# Mathematical Physics – Breakdown of the Bogoliubov Transformation Group

Consider the Fock fermion space $$mathcal {F} = bigoplus_ {k ge 0} bigwedge ^ k mathfrak {h}$$ some finite dimension Hilbert space with 1 particle $$mathfrak {h}$$. The group $$mathrm {Bog} ( mathcal {F})$$ Bogoliubov transformations can be defined as the set of unitary maps $$U$$ sure $$mathcal {F}$$ for which there is linear maps $$u: mathfrak {h} to mathfrak {h}$$ and $$v: mathfrak {h} to mathfrak {h} ^ *$$ such as $$Ua (f) U ^ * = a ^ * (uf) + a (J ^ * (v (f))) quad forall f in mathfrak {h},$$
or $$a ^ *, a: mathfrak {h} to mathcal {B} ( mathcal {F})$$ designate the usual operators of creation and annihilation of fermions and $$J: mathfrak {h} to mathfrak {h} ^ *$$ denotes the isomorphism of Riesz. It is not difficult to see that these $$u$$ and $$v$$ define a unitary map $$Phi (U) in U ( mathfrak {h} oplus mathfrak {h} ^ *)$$ commute with $$mathcal {J}$$, or
$$Phi (U): = begin {pmatrix} u & J ^ * vJ ^ * \ v & JuJ ^ * end {pmatrix}, quad mathcal {J}: = begin {pmatrix} 0 & J ^ * \ J & 0 end {pmatrix}.$$

defining $$G: = {A in U ( mathfrak {h} oplus mathfrak {h} ^ *) mid A mathcal {J} = mathcal {J} A }$$, actually $$Phi$$ defines a short exact sequence of Lie groups $$1 to mathbb {S} ^ 1 to mathrm {Bog} ( mathcal {F}) to G to 1,$$
Now my question is: is this sequence divided (or, in other words, is $$mathrm {Bog} ( mathcal {F}) s mathbb {S} ^ 1 times G$$)?

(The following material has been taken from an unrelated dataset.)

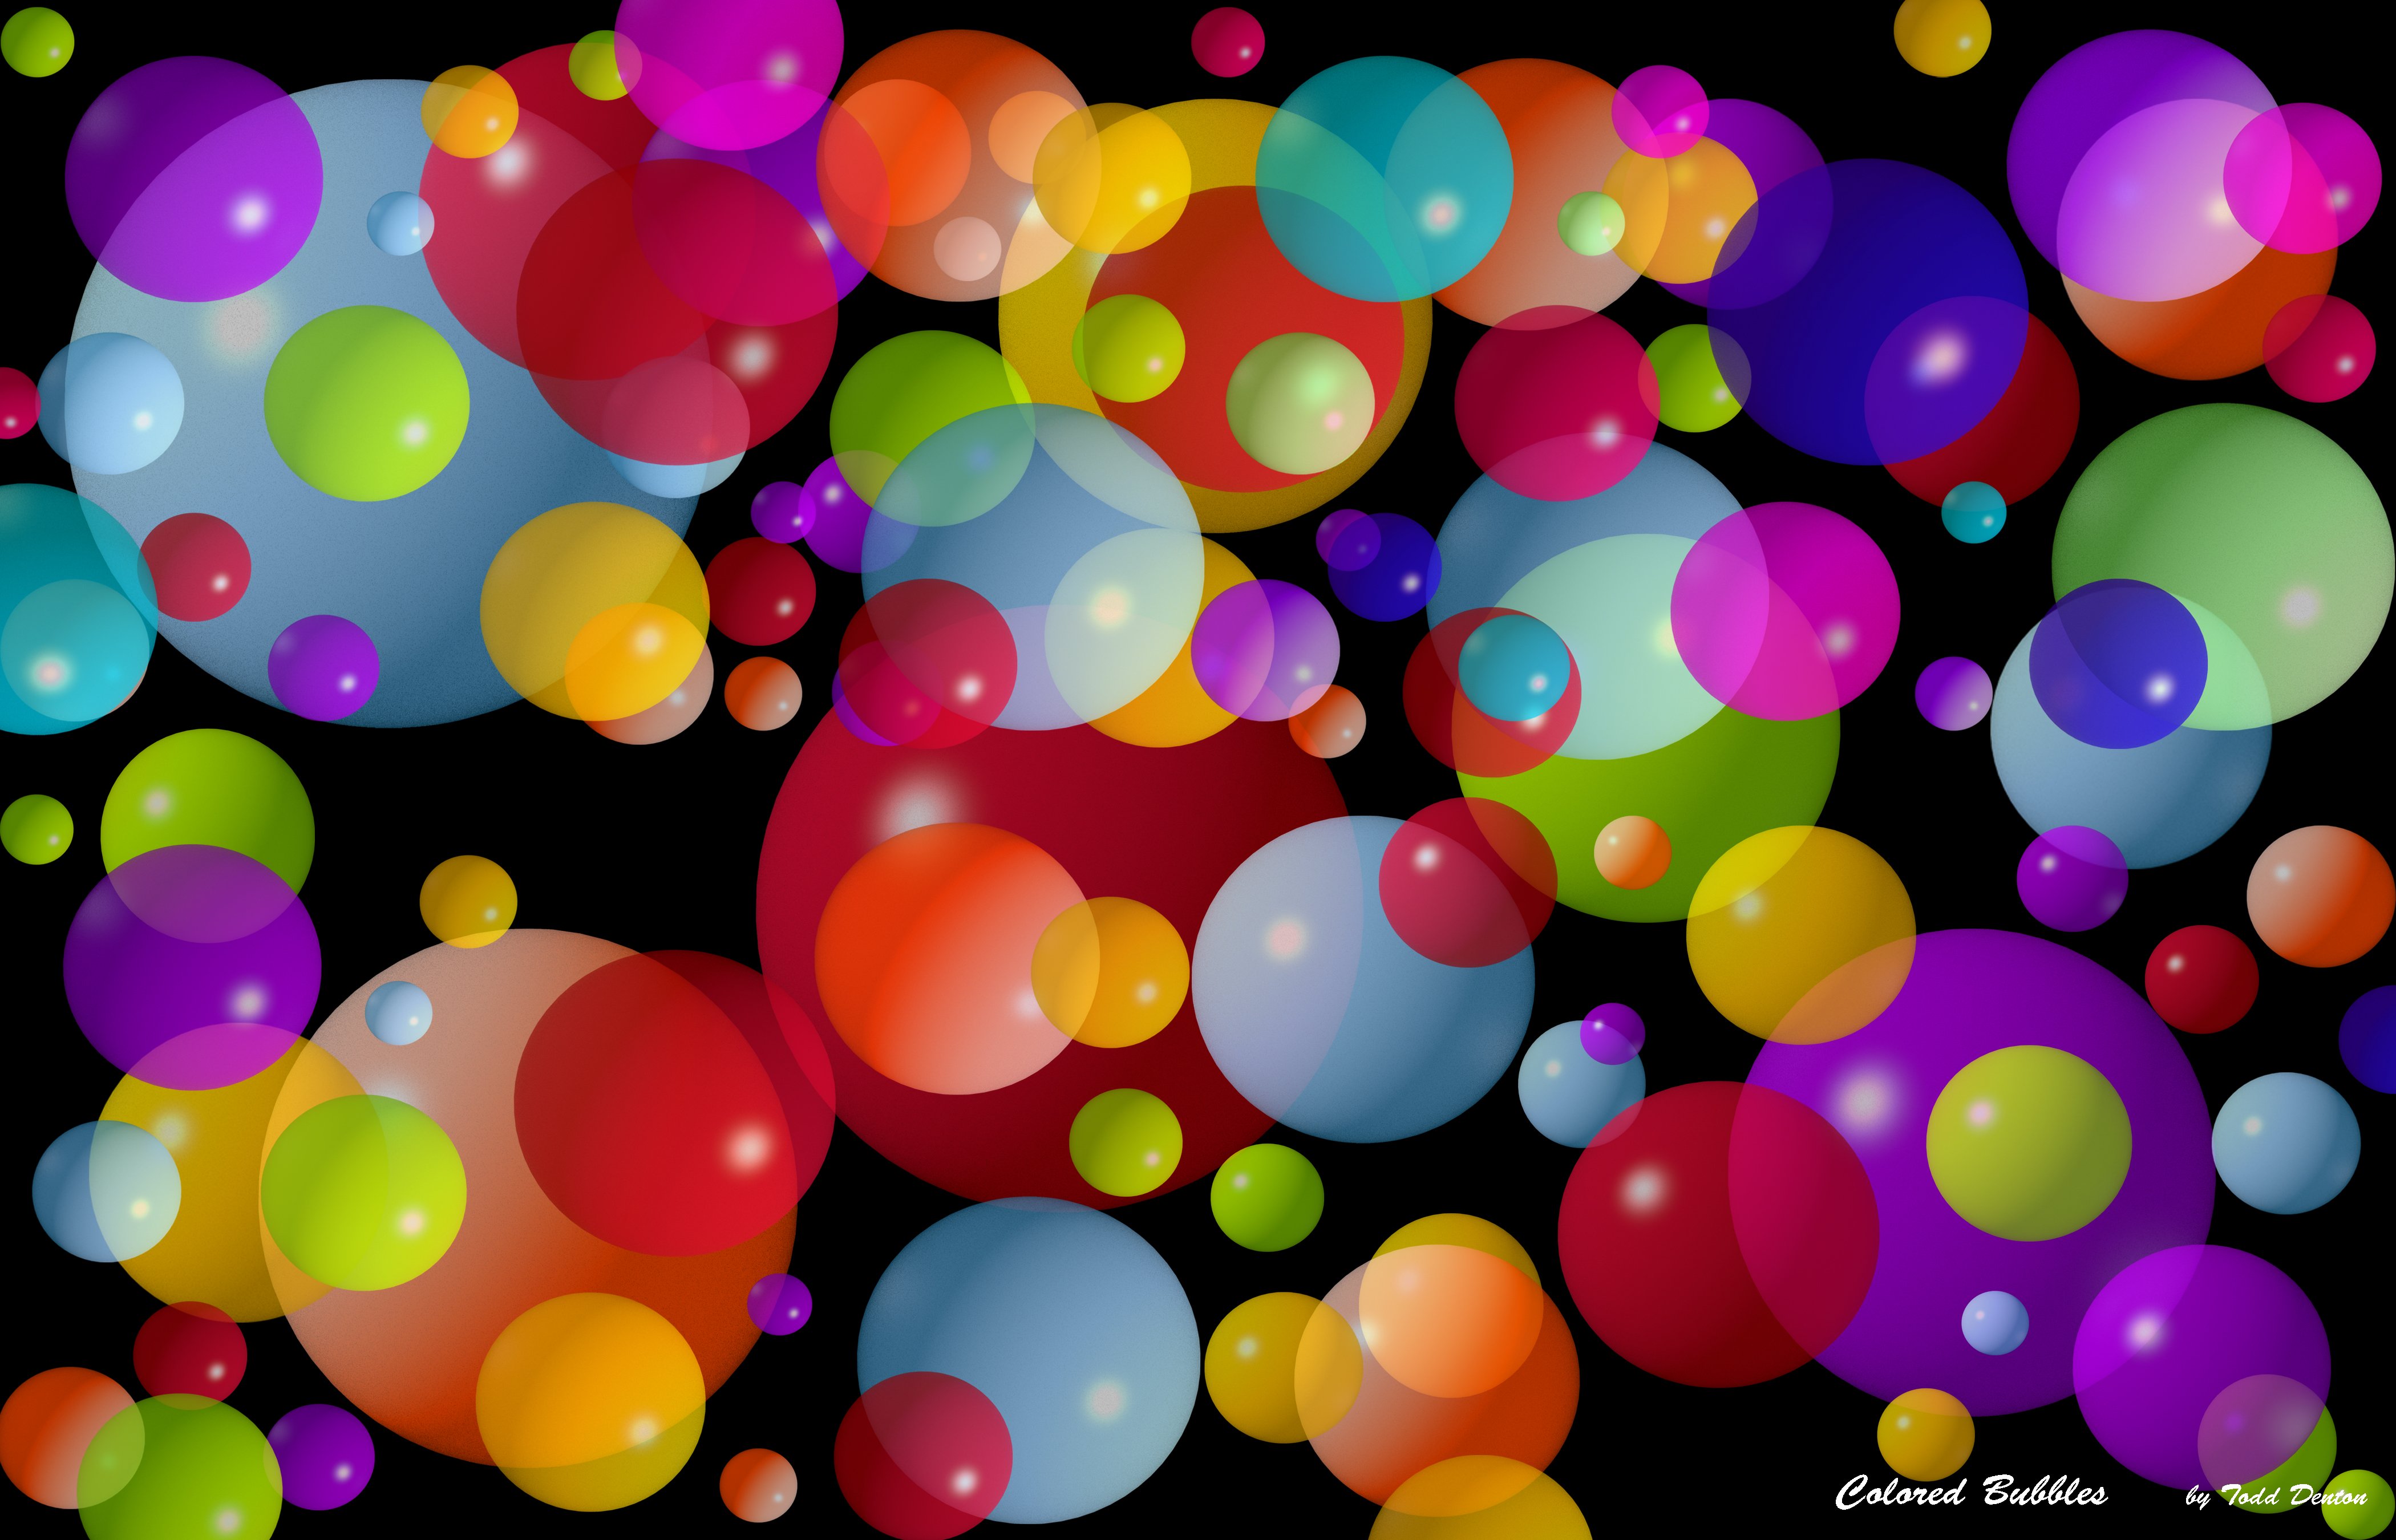 Colored Bubbles wallpaper   ForWallpapercom

Note that if we work in the category of groups (as opposed to Lie groups), the group's central extensions $$G$$ by $$mathbb {S} ^ 1$$ are classified (up to isomorphism) by the cohomology group $$H ^ 2 (G, mathbb {S} ^ 1)$$. If this classification is also valid in the Lie group setting, there may be a general result showing that $$H ^ 2 (G, mathbb {S} ^ 1) = 0$$which would answer my question positively.